Wednesday, February 24, 2016

Out of sorts

The last few days have been odd to say the least. For some reason I have been feeling very emotionally off and not really checked into what I am feeling which is very unlike me. Today I even woke up two minutes before I had my 8am and for me that is out of sorts completely. I jumped out of bed and rushed to class as fast as I could. But even when I did that it didn't really stress me out or get me worked up, I just strolled in to class a few minutes late and sat down before it even started. Even today when I had an extremely busy day and was freaked out the day before I found myself in a tranquil state. I don't think I have ever been this out of touch with my feelings or what is going on. It's kind of like everything and everyone around me is moving in slow motion and I'm just kind of checked out. I can't explain very well what I am feeling which I feel very bad about because my friends don't know how to help. Maybe I am just feeling lonely, the last time I got like this it all came down to that.

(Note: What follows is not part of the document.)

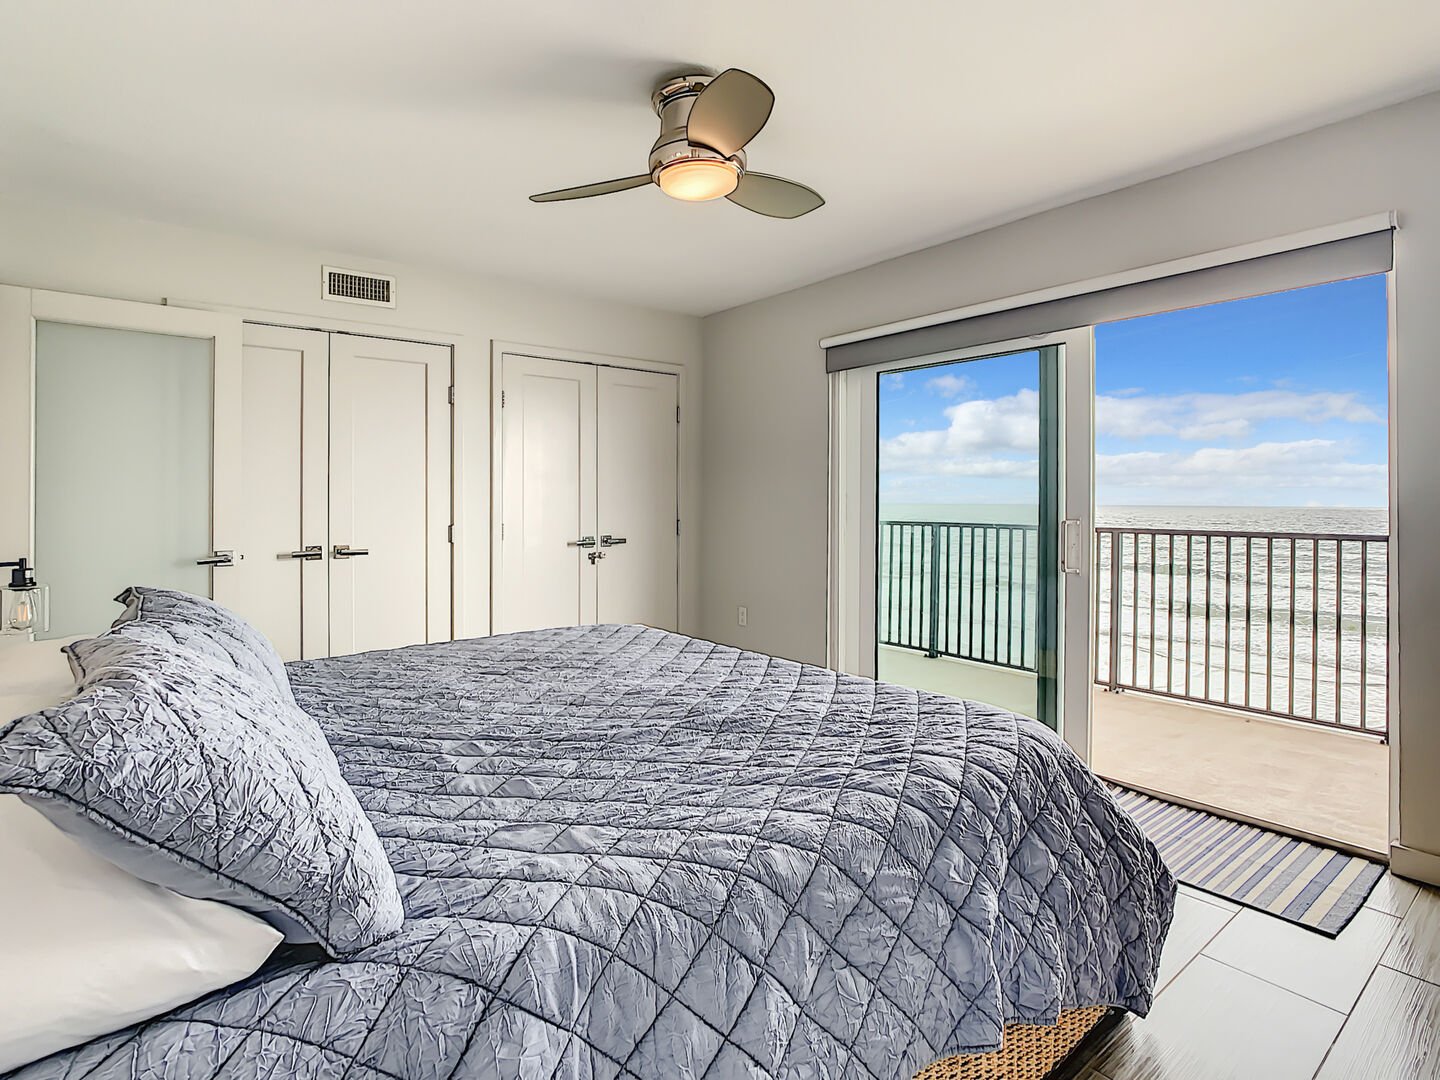 Master bedroom in our New Smyrna Beach FL Rental
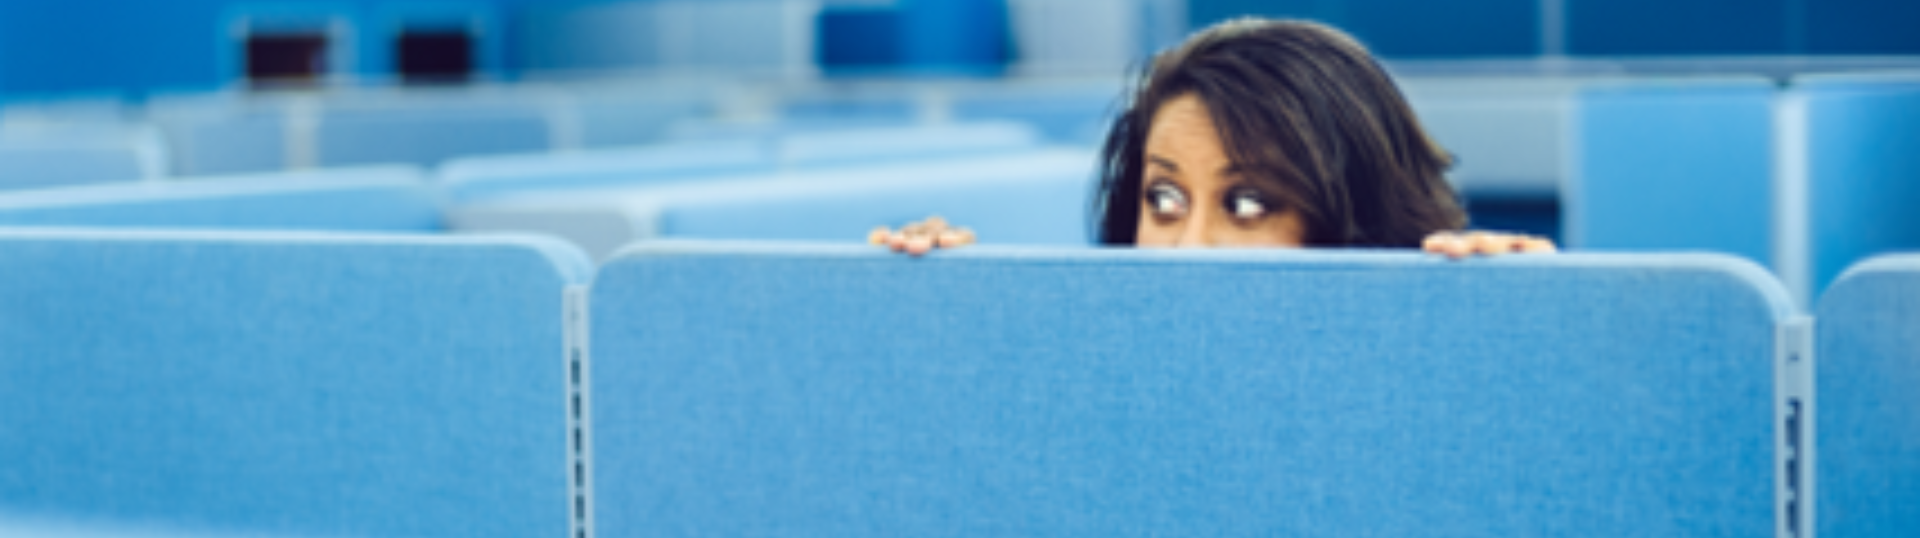  A woman hidden behind office cubicle

I am surrounded by a bunch of people who love and care for me but for some reason I just check out and separate myself from them. Maybe its the fact that when I get really close to people something bad happens where things get ruined. I don't want to push my friends away but don't know how to explain my feelings with out them getting mixed up or misinterpreted. I could just be stressed and I even kinda miss home a little with everything that has been going on here. I miss my little buddy and can not wait to see him soon. For now I guess im just a little out of sorts.